Got it. And because you are hedged in the interim, that would not affect not severely.
Yes, not severely, but it did get affected a bit in this quarter because when the pricing vertically shot up, people are not willing to pay the complete delta that we were receiving in the previous quarter. Hence, there's a marginal difference in the delta received this quarter. But coming quarters, that will even out.
We have the next follow-up question from the line of Shubham Thorat from Perpetual Capital Advisors.
Sir, earlier in the call, you mentioned that our gross margins were impacted due to higher percentage of domestic sourcing. So, I just wanted to ask why our imported scrap is more economical? That's one. And second, why our domestic sourcing was higher for this particular quarter?
I mean domestic sourcing sometimes is higher because it's more of the availability phenomenon. When a little more scrapping happens, a little more vehicle sales happen the flow is better. But sometimes when the flow is more lean, the domestic prices tend to squeeze up a little and more people are seeking for scrap and the availability is low. So, it's more of a market-driven formula.
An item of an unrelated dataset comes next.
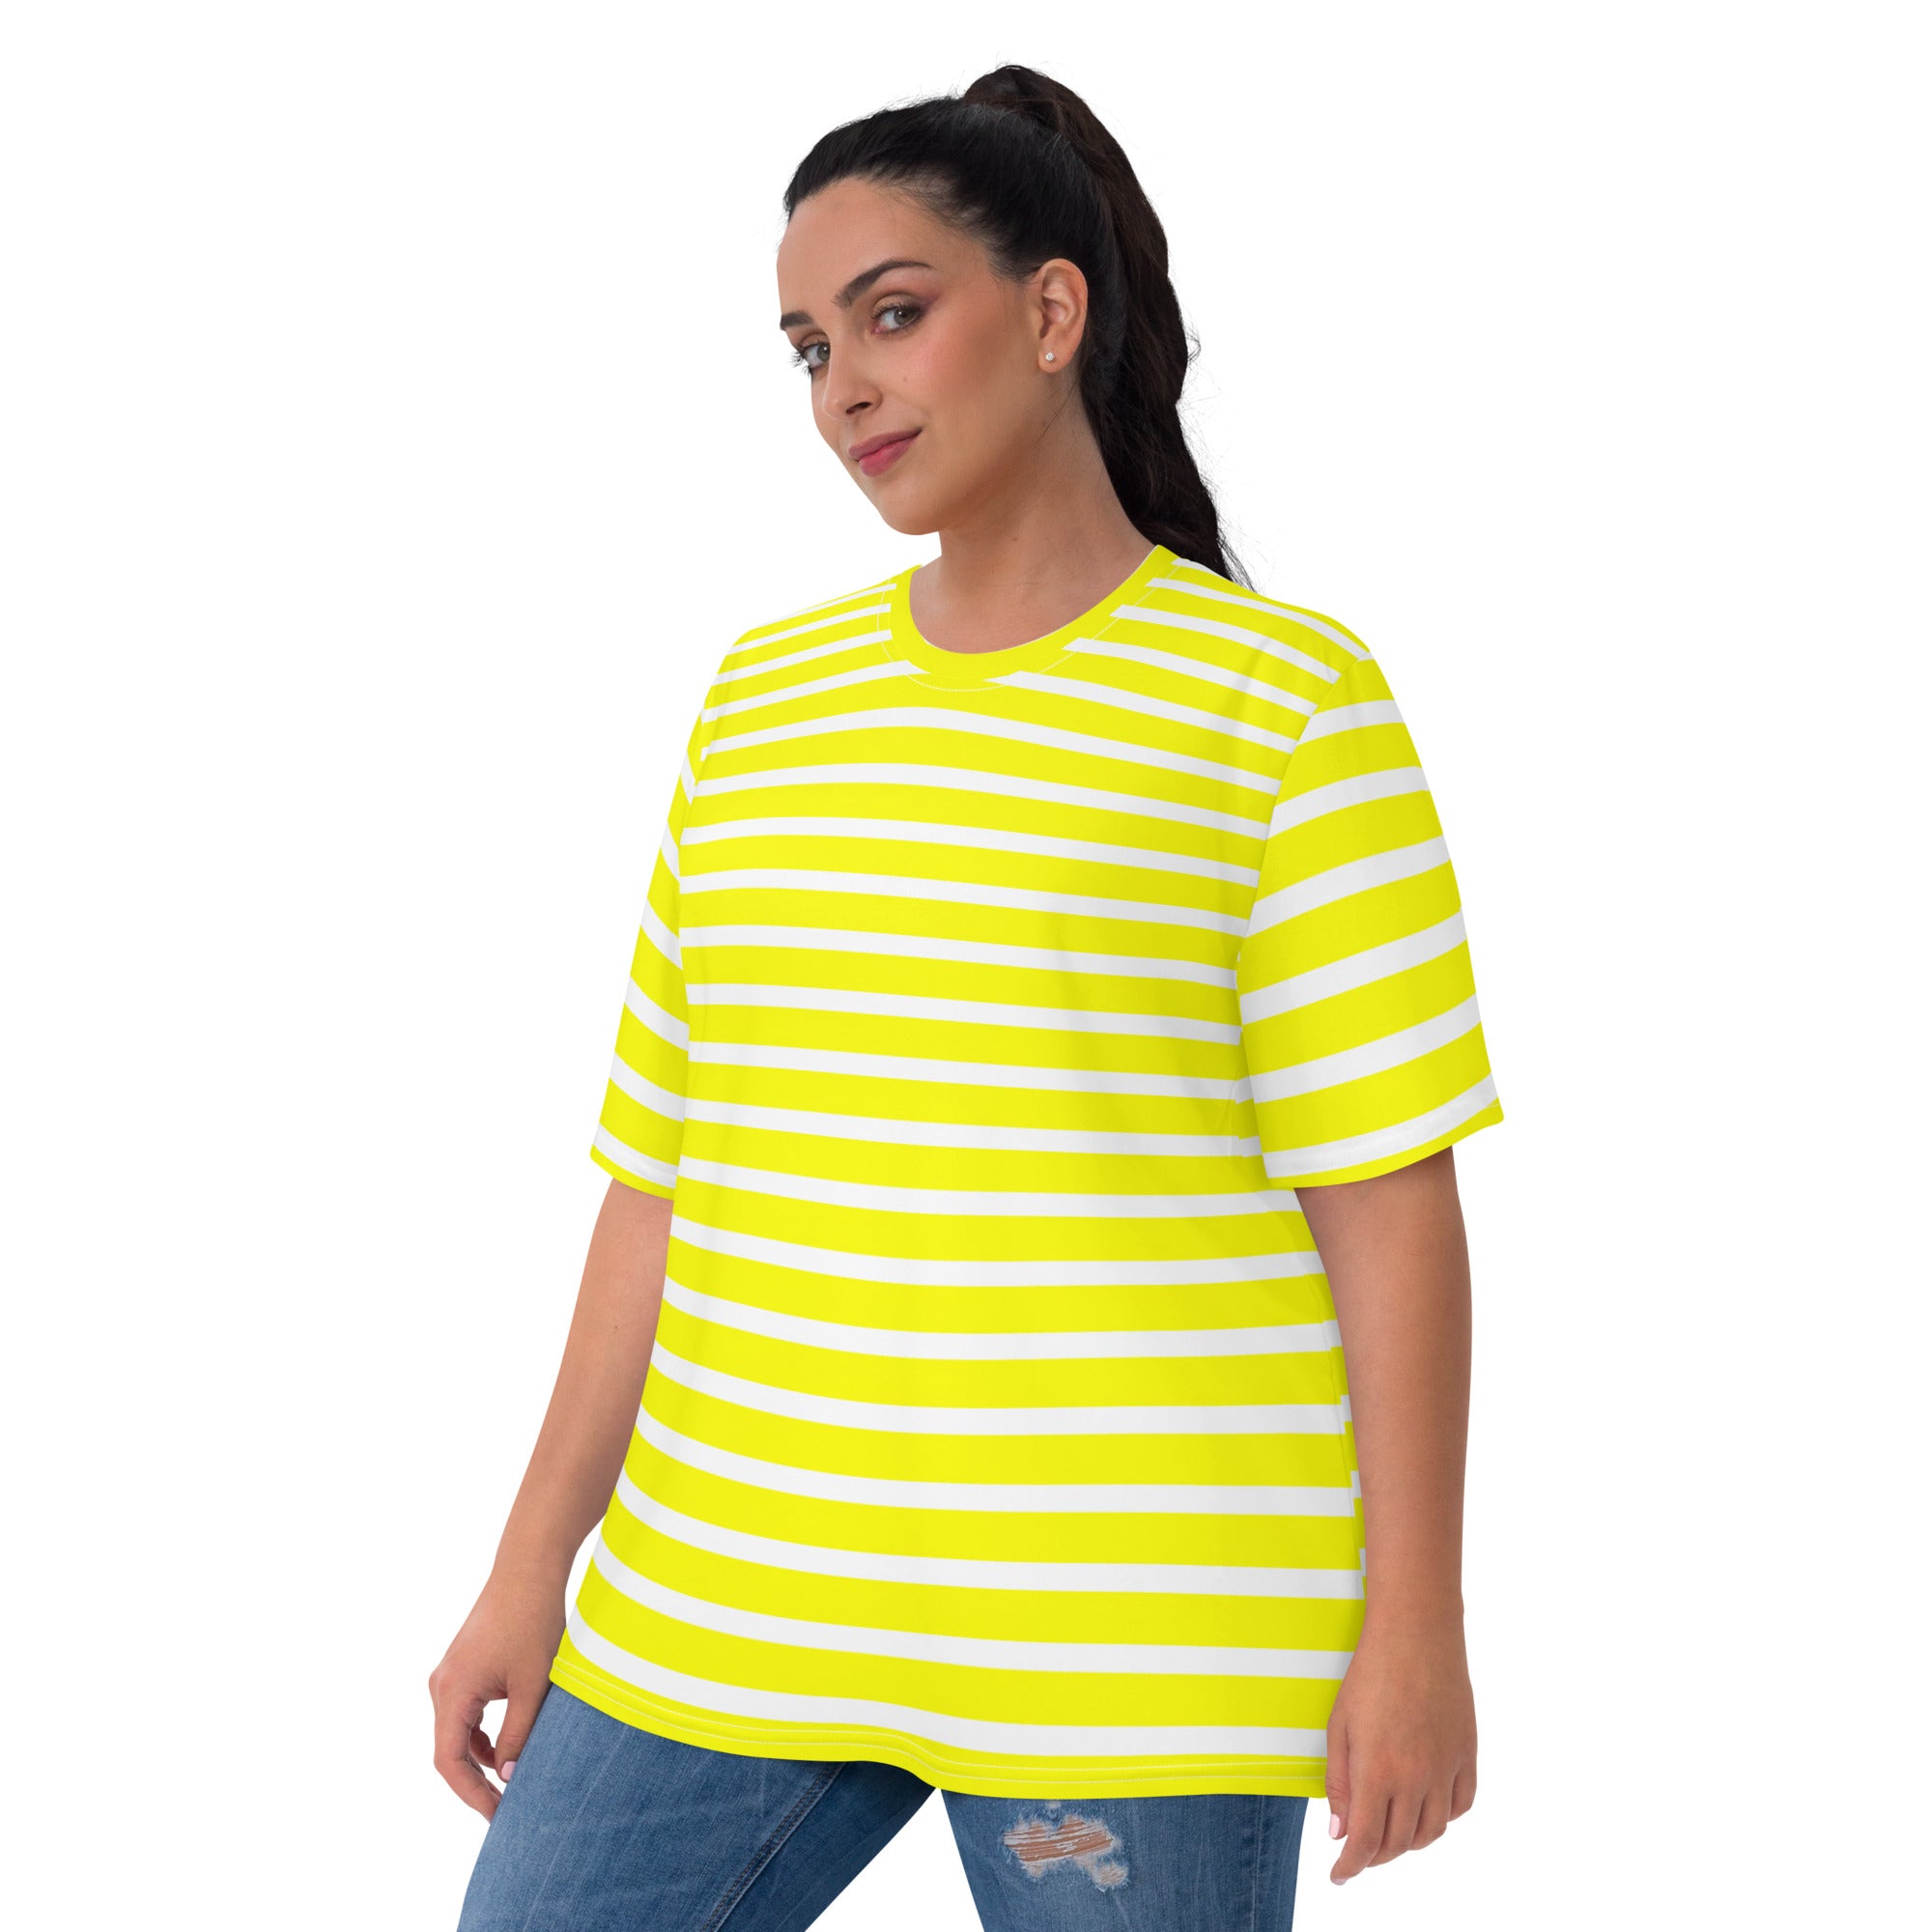 Women's T-shirt- White and Yellow Striped

And also, you have to understand that for us to look into the domestic market, we are extremely picky about taking it only from the formal sector from the larger companies or the IT companies and so those kind of things are options. And there, there's typically slightly the costs are higher.
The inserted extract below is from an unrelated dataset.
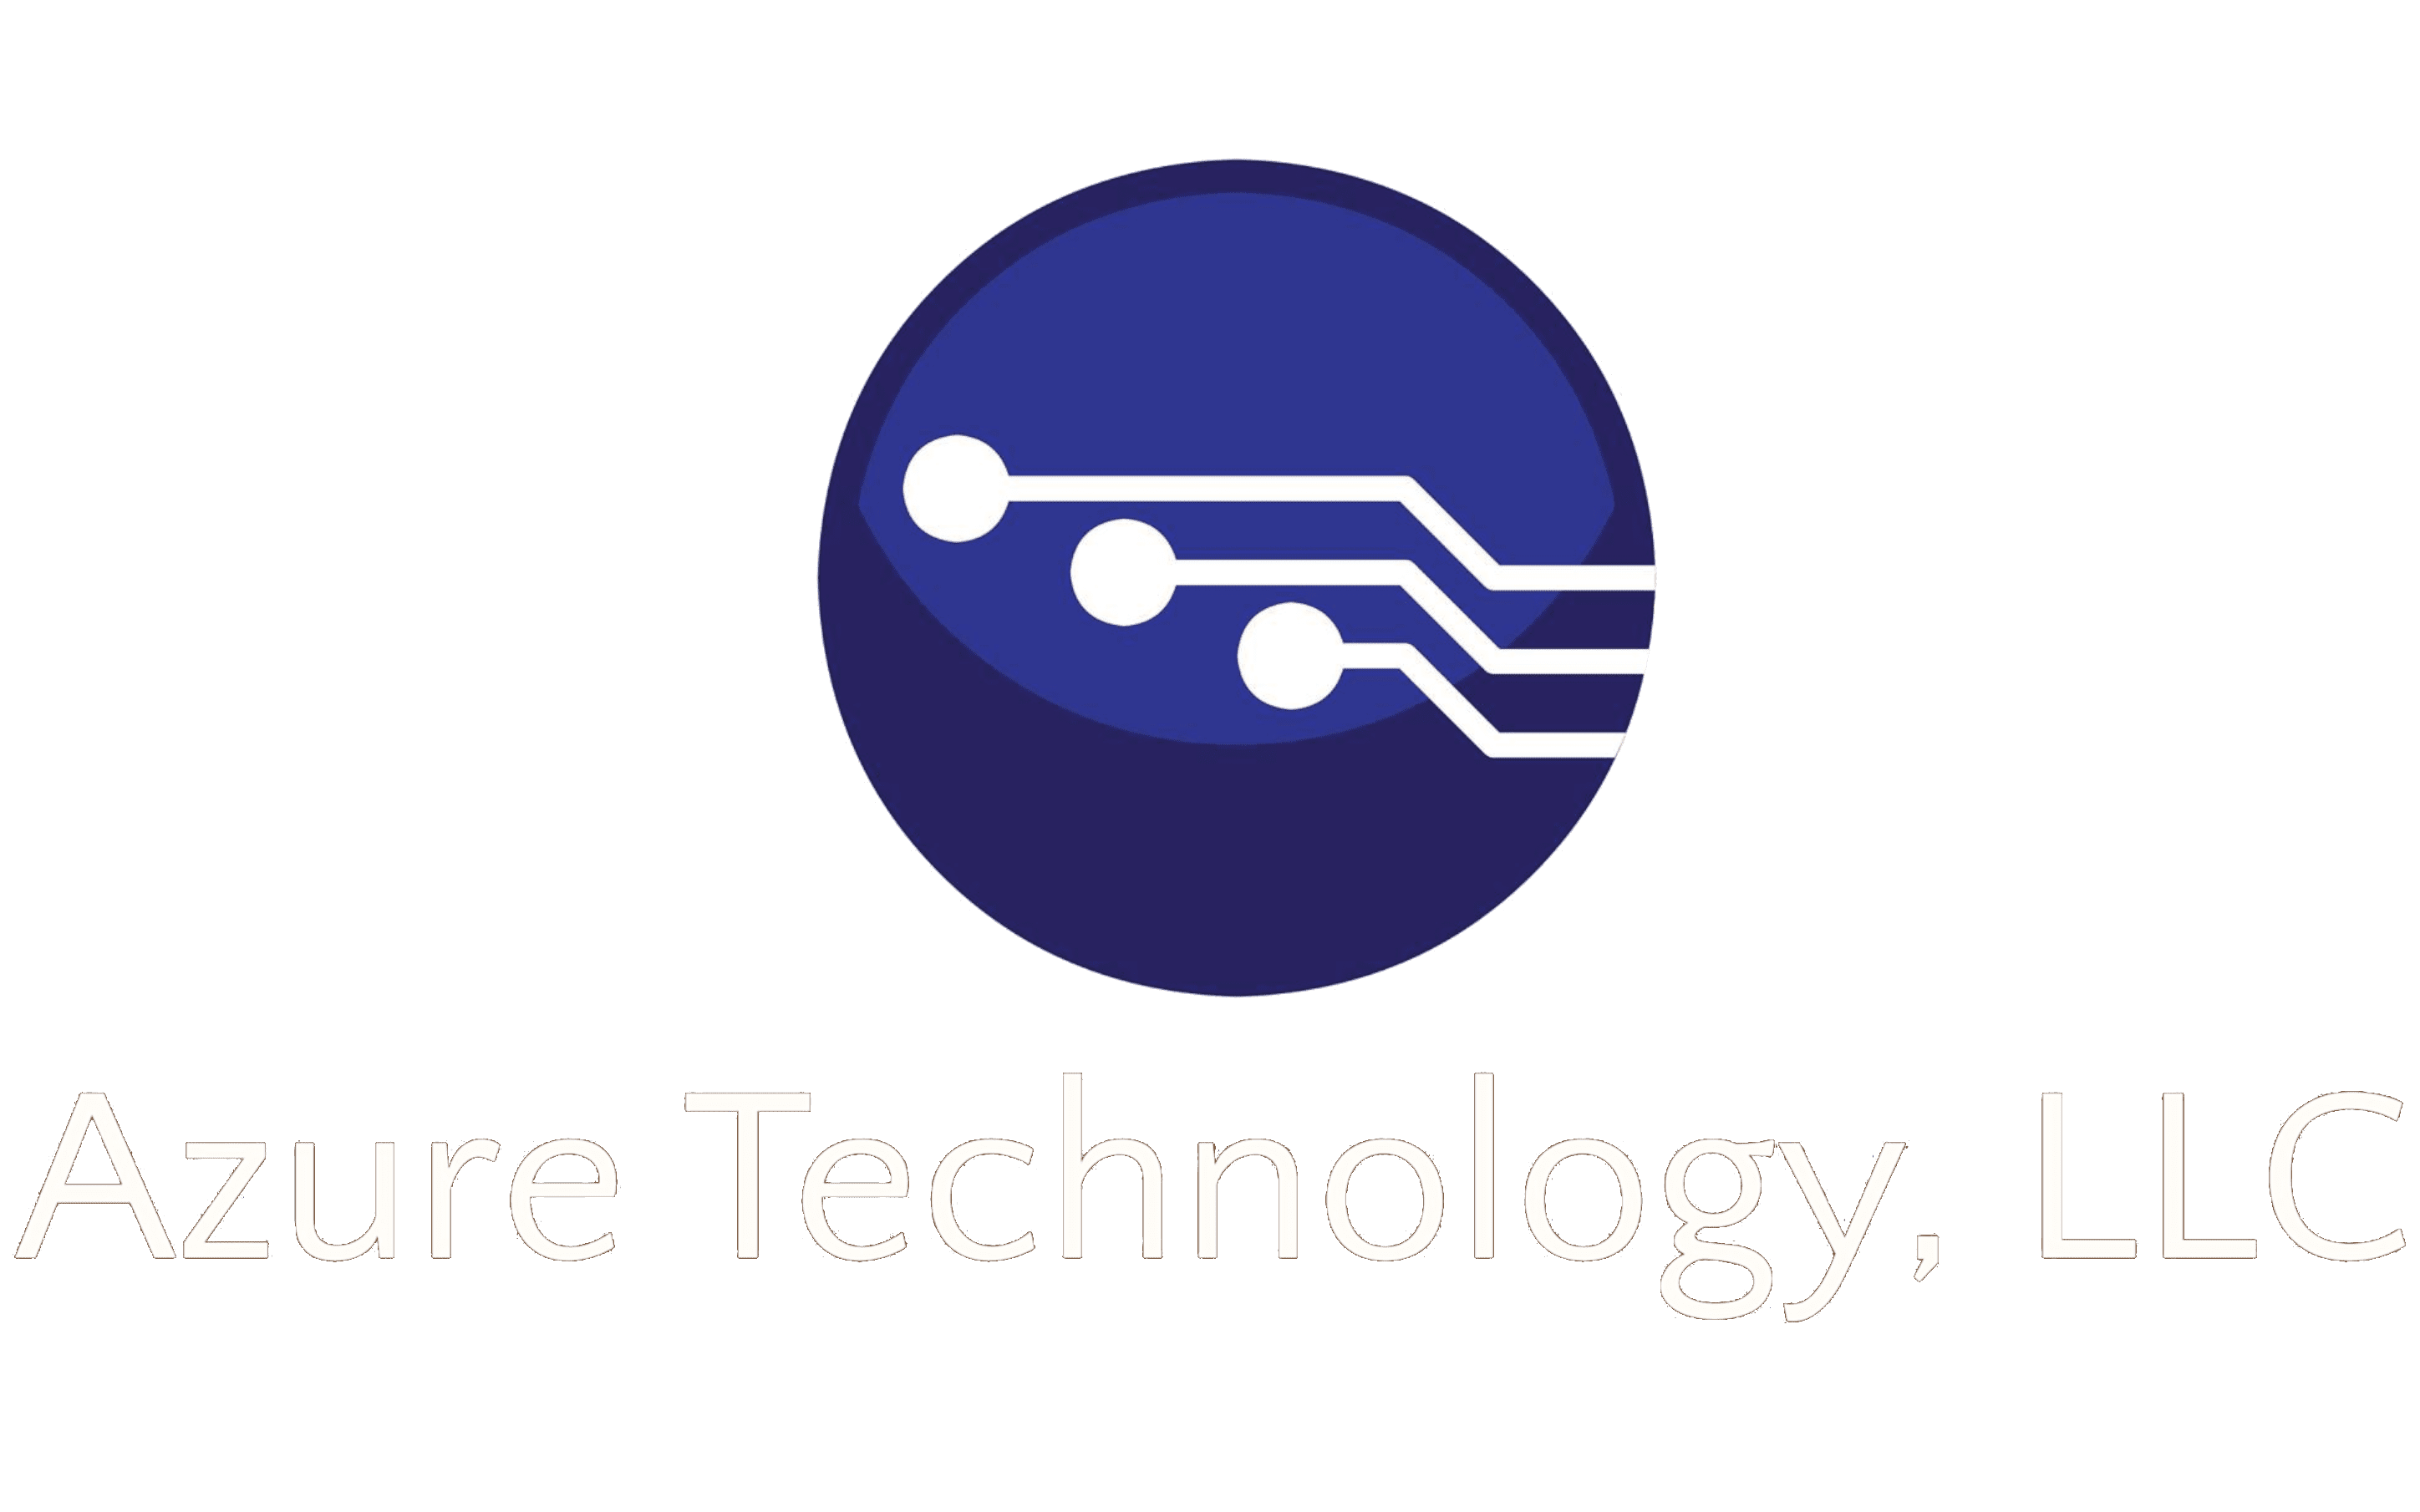 Azure Technology, LLC

Got it. And sir, my final question on the lead side. So, I just wanted to know what is our current lead capacity? What is our capex cost over there? And what kind of value-added products do we produce in lead.
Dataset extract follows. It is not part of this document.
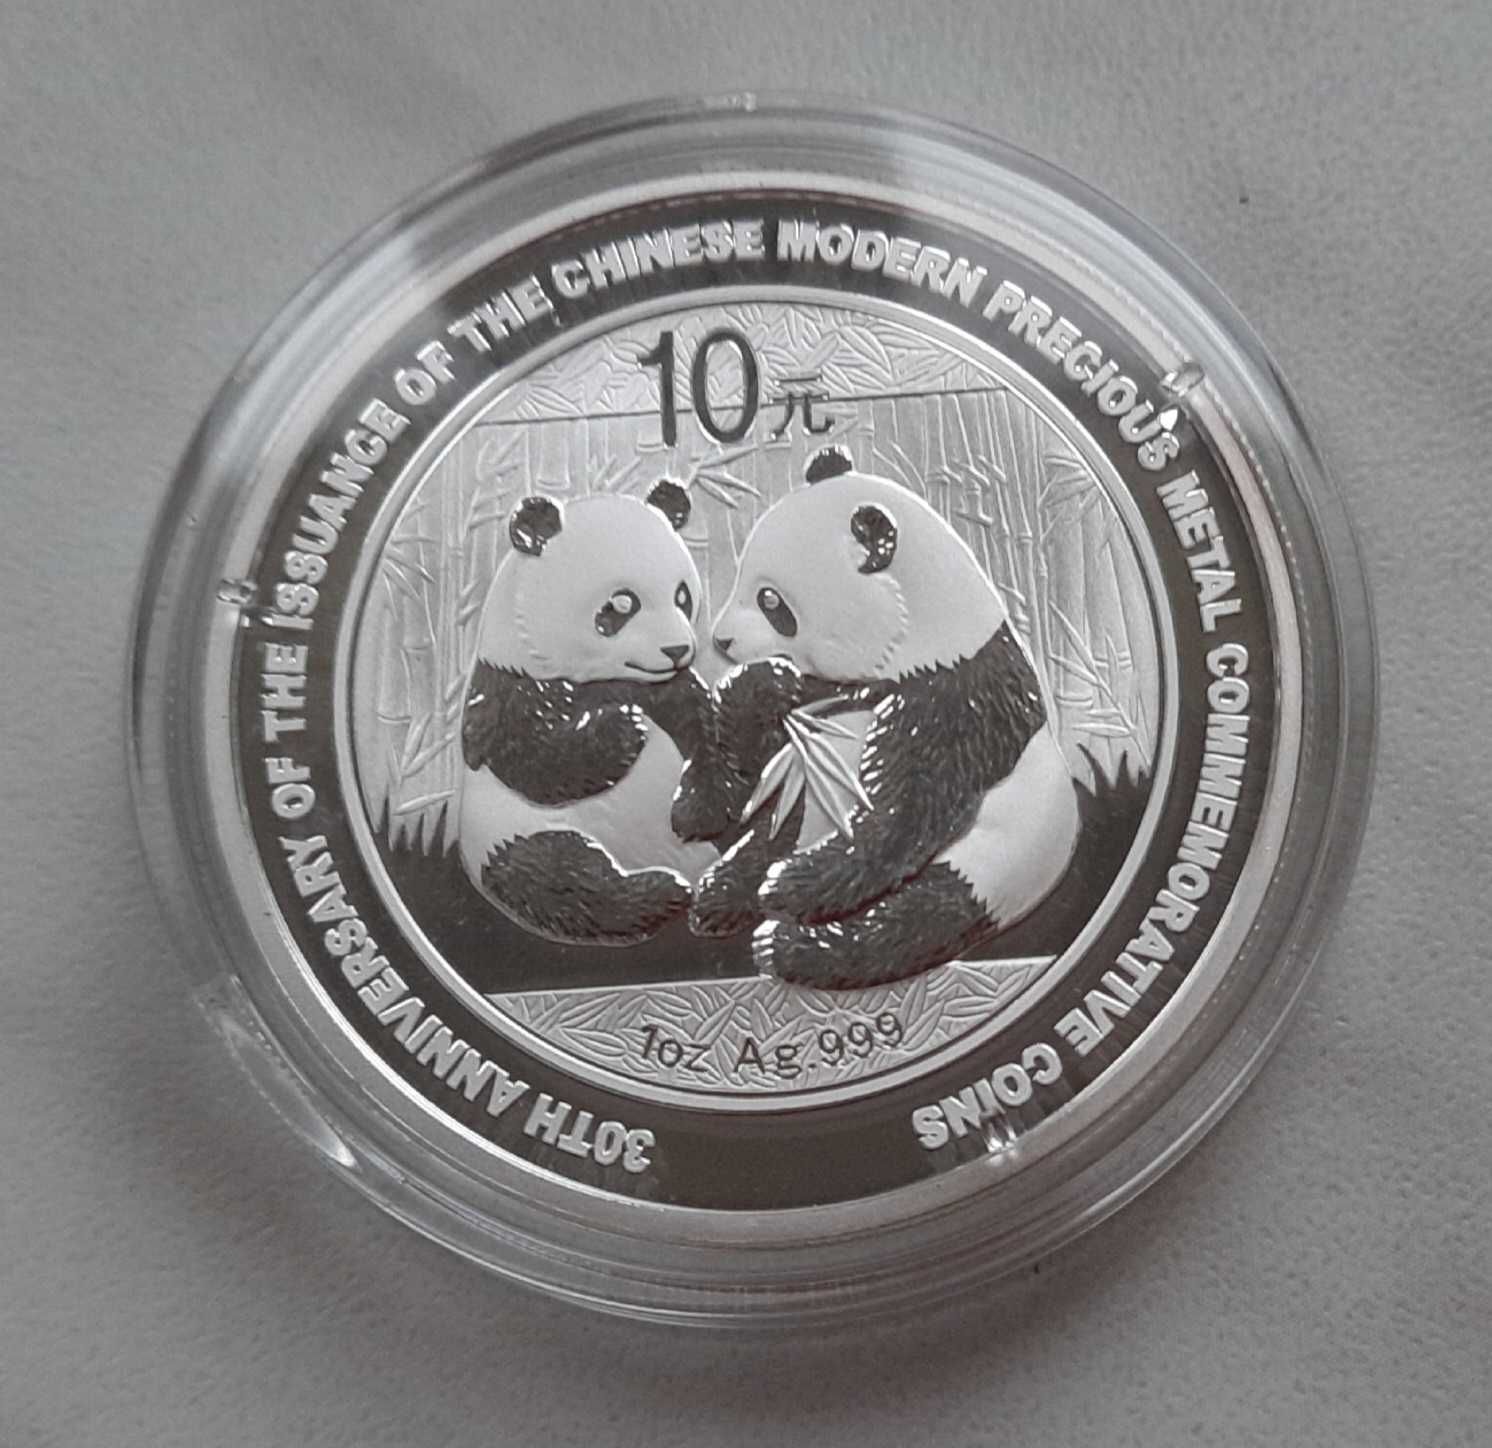 Srebrna chińska moneta z 2009 roku - 10 yuan - 2 pandy

So, your question is what kind of value-added products we manufacture? I mean, I'm a little unclear on your question, sorry. No, that's right. That's right.
So, there are multiple kinds of alloys that we do. We do lead-tin based alloys. We do tin-based alloys, we do antimony-based alloys, calcium, a lot of specific alloys that we manufacture for certain OEMs. So, I mean, it's a blend of alloys. We do almost close to over 100 kinds of alloys for
various customers. So, it's a whole lot of plethora of portfolio that we give to our OEMs.
And comment on your current capacity and what kind of capex are you looking over there in the lead?
The capacity for this quarter in terms of -- this quarter is about, we have done about 79%. Overall, for this year, it's about 65% to 70% capacity utilization. And in the new plant, we expect capacity utilization in blended manner about 70% in the coming quarters.
Ladies and gentlemen, that was the last question for today. I now hand the conference over to the management for the closing comments. Thank you, and over to you, sir.
Thank you, everyone, for participating in this call. We trust that we have addressed all your queries during this session. However, if there are any remaining questions, please feel free to reach out to our Investor Relations team at Go India Advisors. Once again, we extend our gratitude to all the participants for joining us today. Thank you and have a great day.
Thank you very much. On behalf of Pondy Oxides and Chemicals Limited and Go India Advisors, that concludes this conference. Thank you for joining with us today, and you may now disconnect your lines. Thank you, everyone.